━━━ Given information ━━━

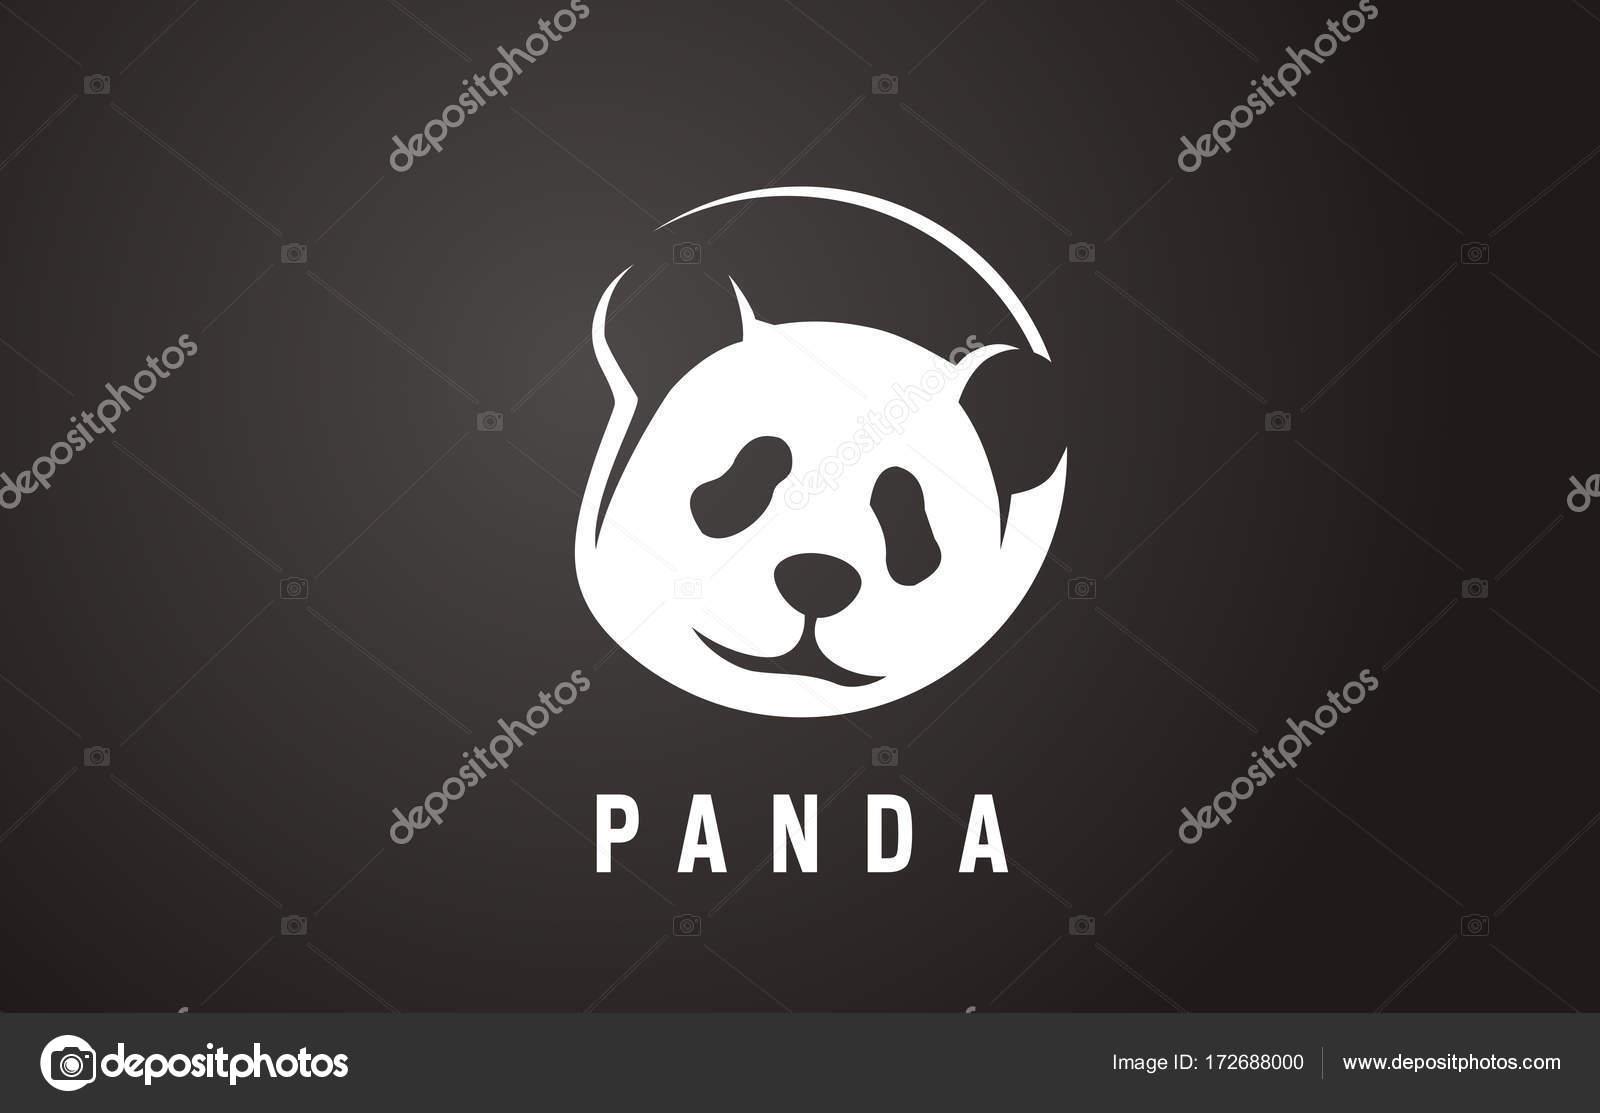 Pandas face logo in the negative space panda logo logo for pandas face logo in the negative space panda logo logo for animal protection biocorpaavc Images
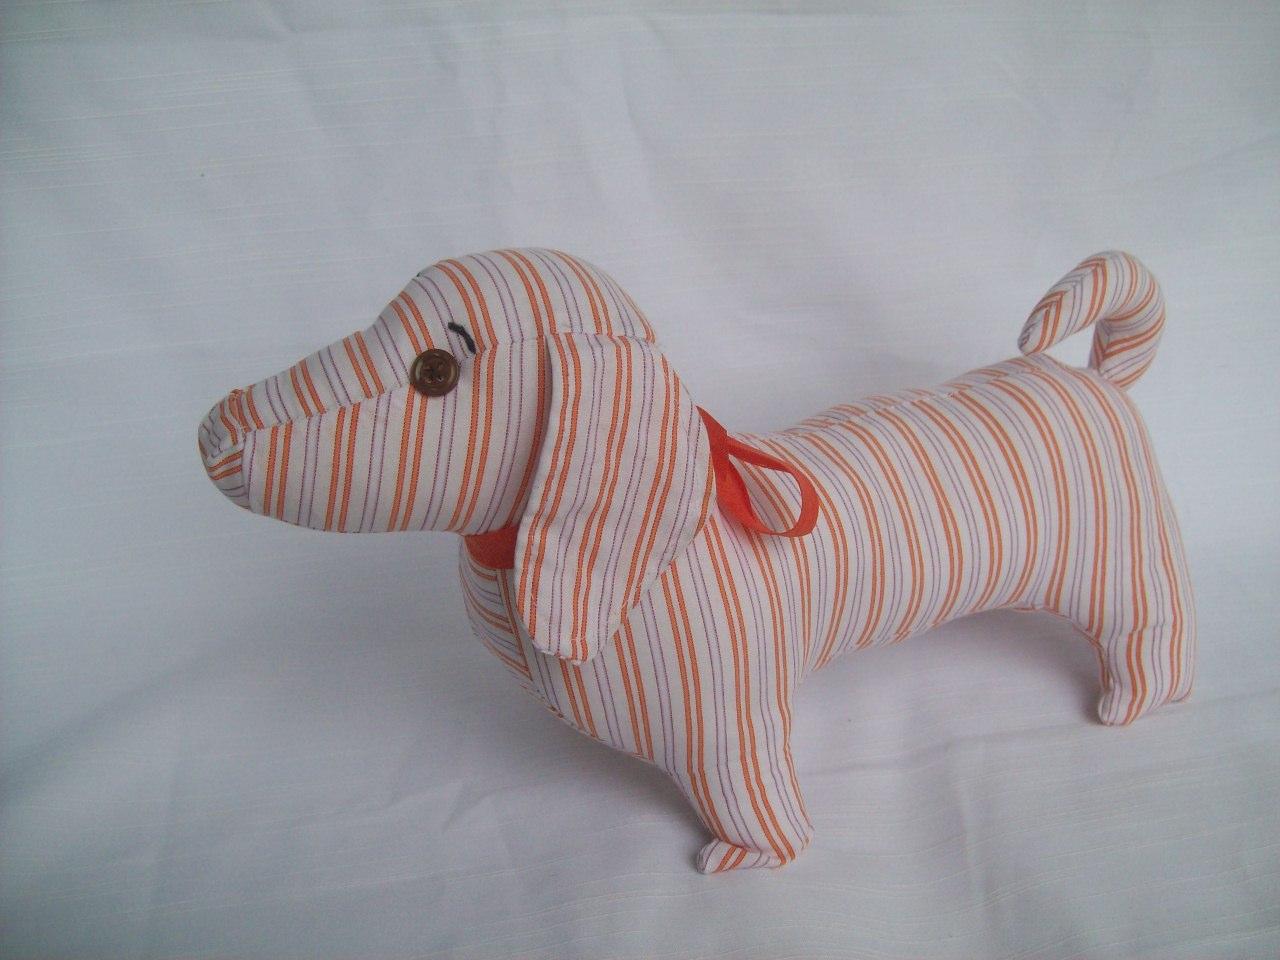 Мягкая игрушка с шарнирами своими руками
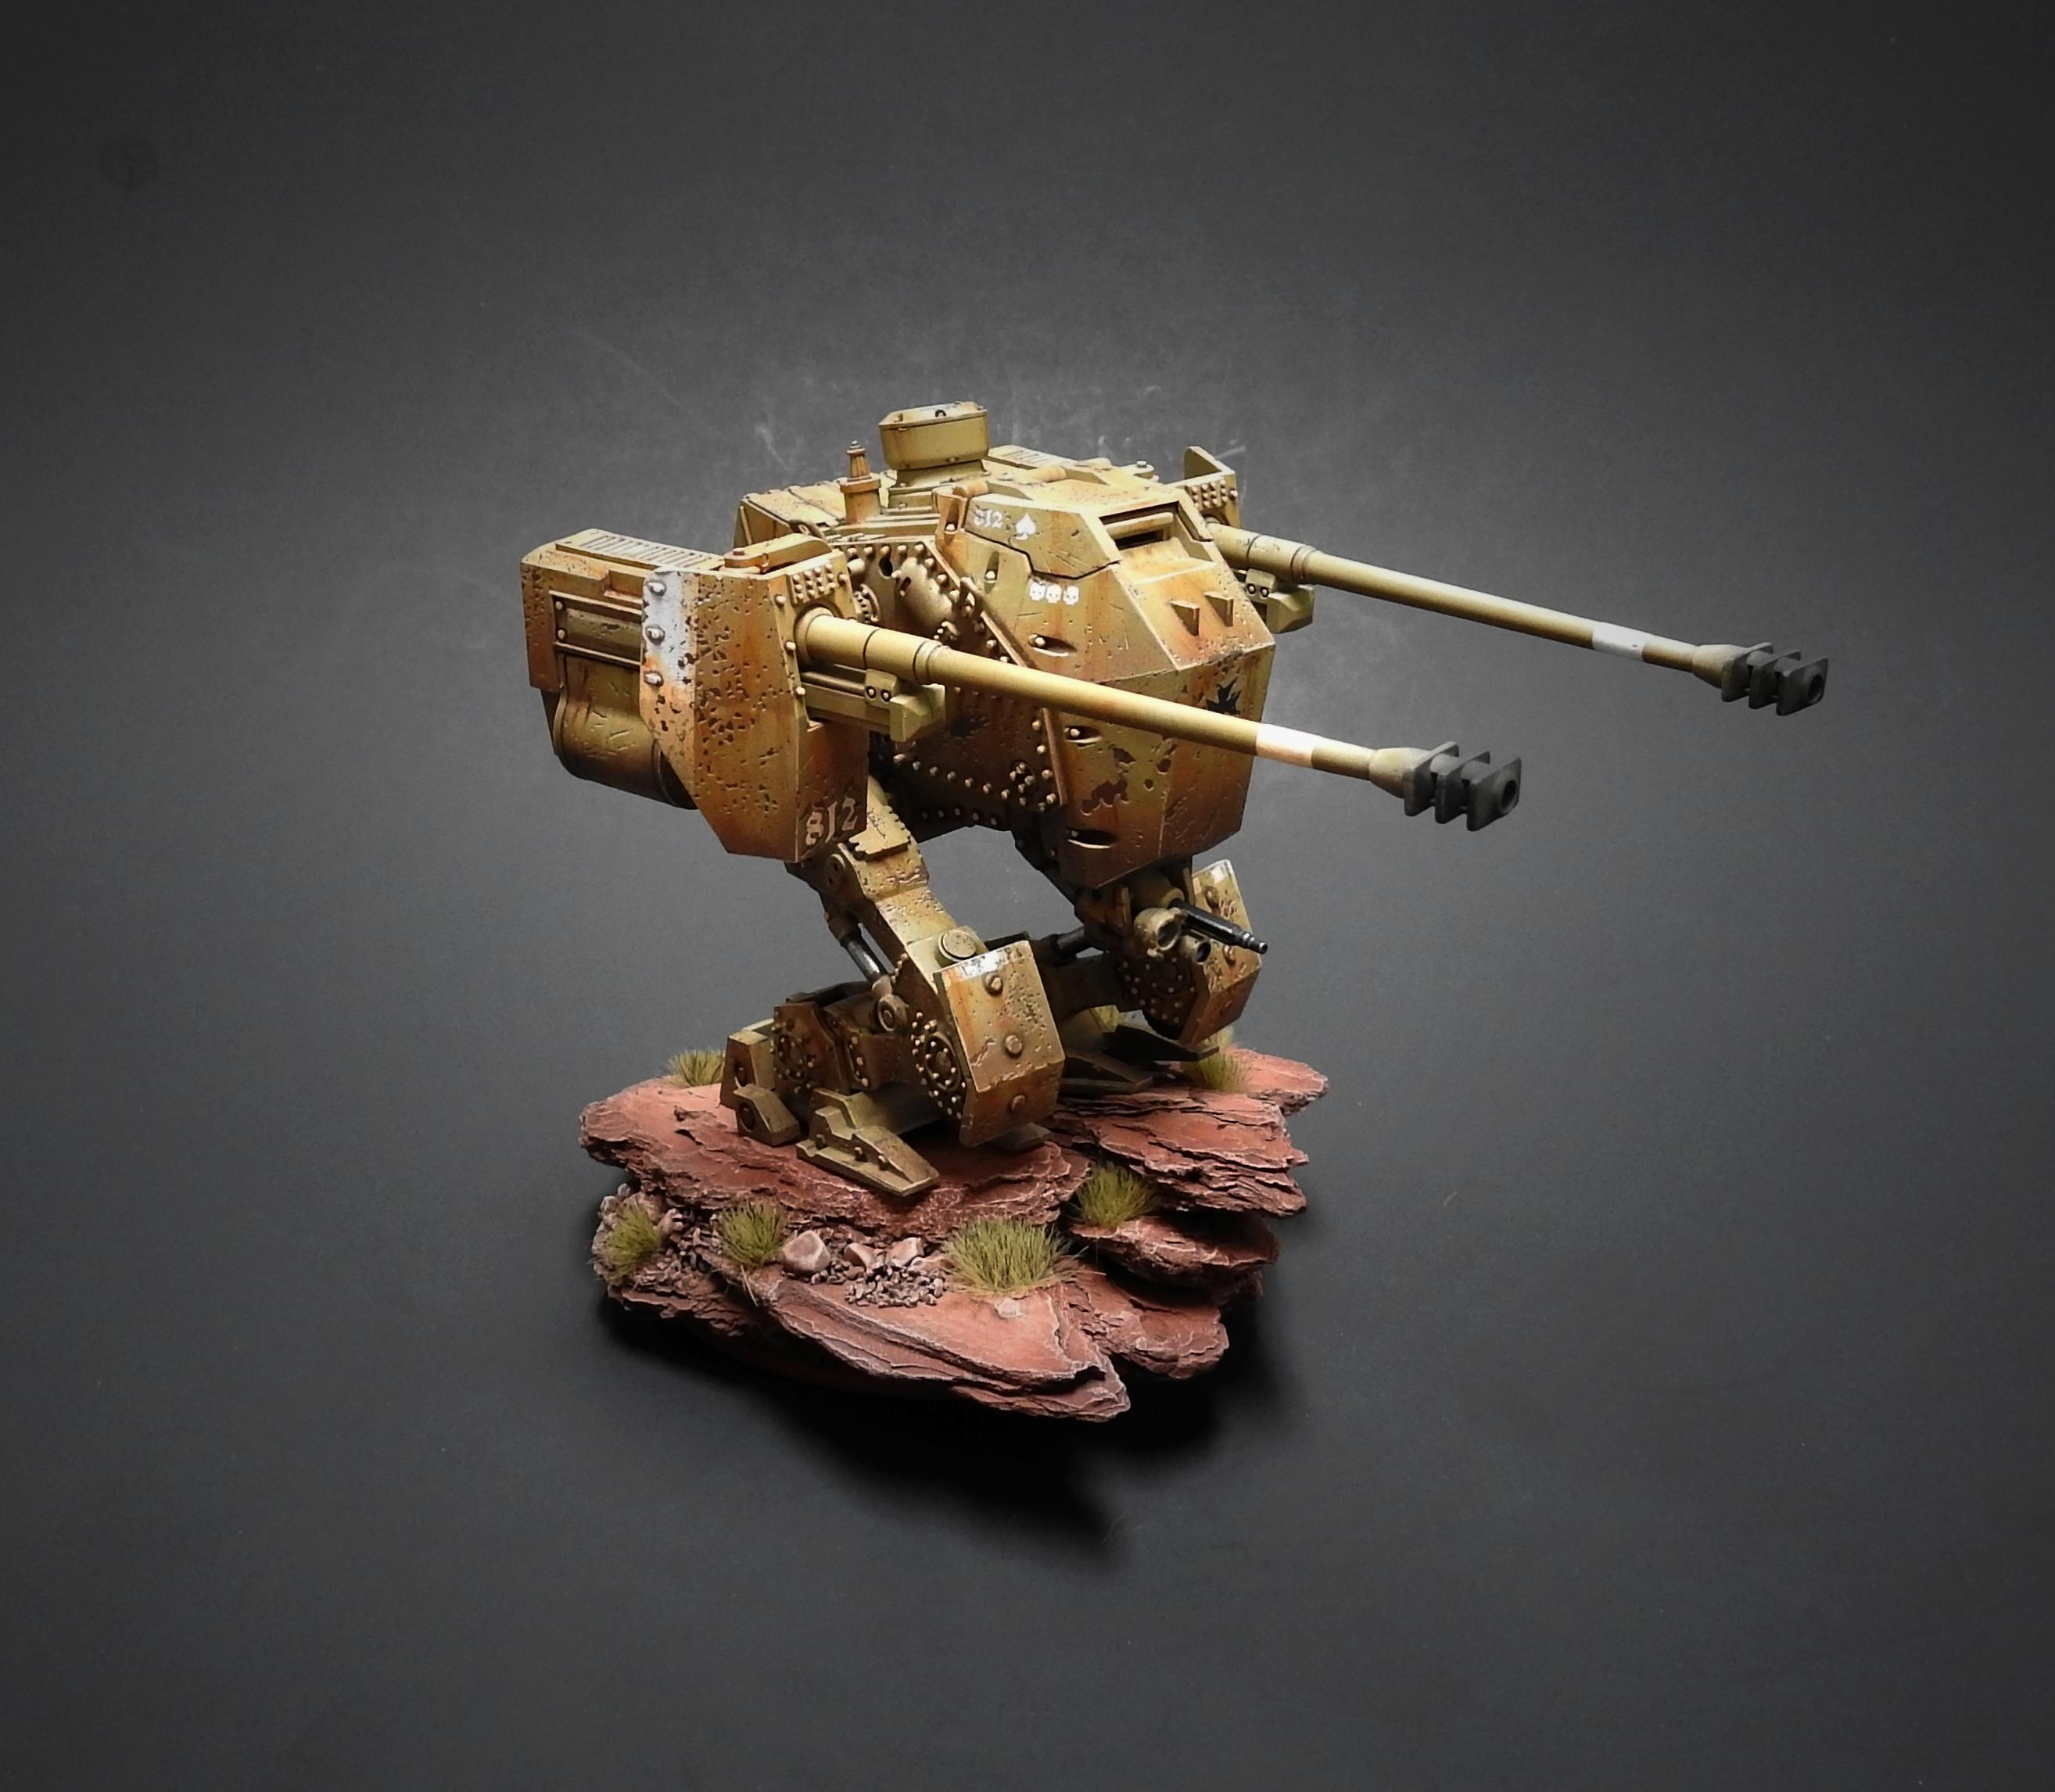 Airbrush, Axis, Dust, Dust Tactics, Painting, Tank, Vehicle, Walkers, Weathered, Weird War Ii, World War 2

━━━

Exercise goal:
Copy the listing above in full and exactly, but omit each picture that it holds.

Answer for the task:
 Pandas face logo in the negative space panda logo logo for pandas face logo in the negative space panda logo logo for animal protection biocorpaavc Images
 Мягкая игрушка с шарнирами своими руками
 Airbrush, Axis, Dust, Dust Tactics, Painting, Tank, Vehicle, Walkers, Weathered, Weird War Ii, World War 2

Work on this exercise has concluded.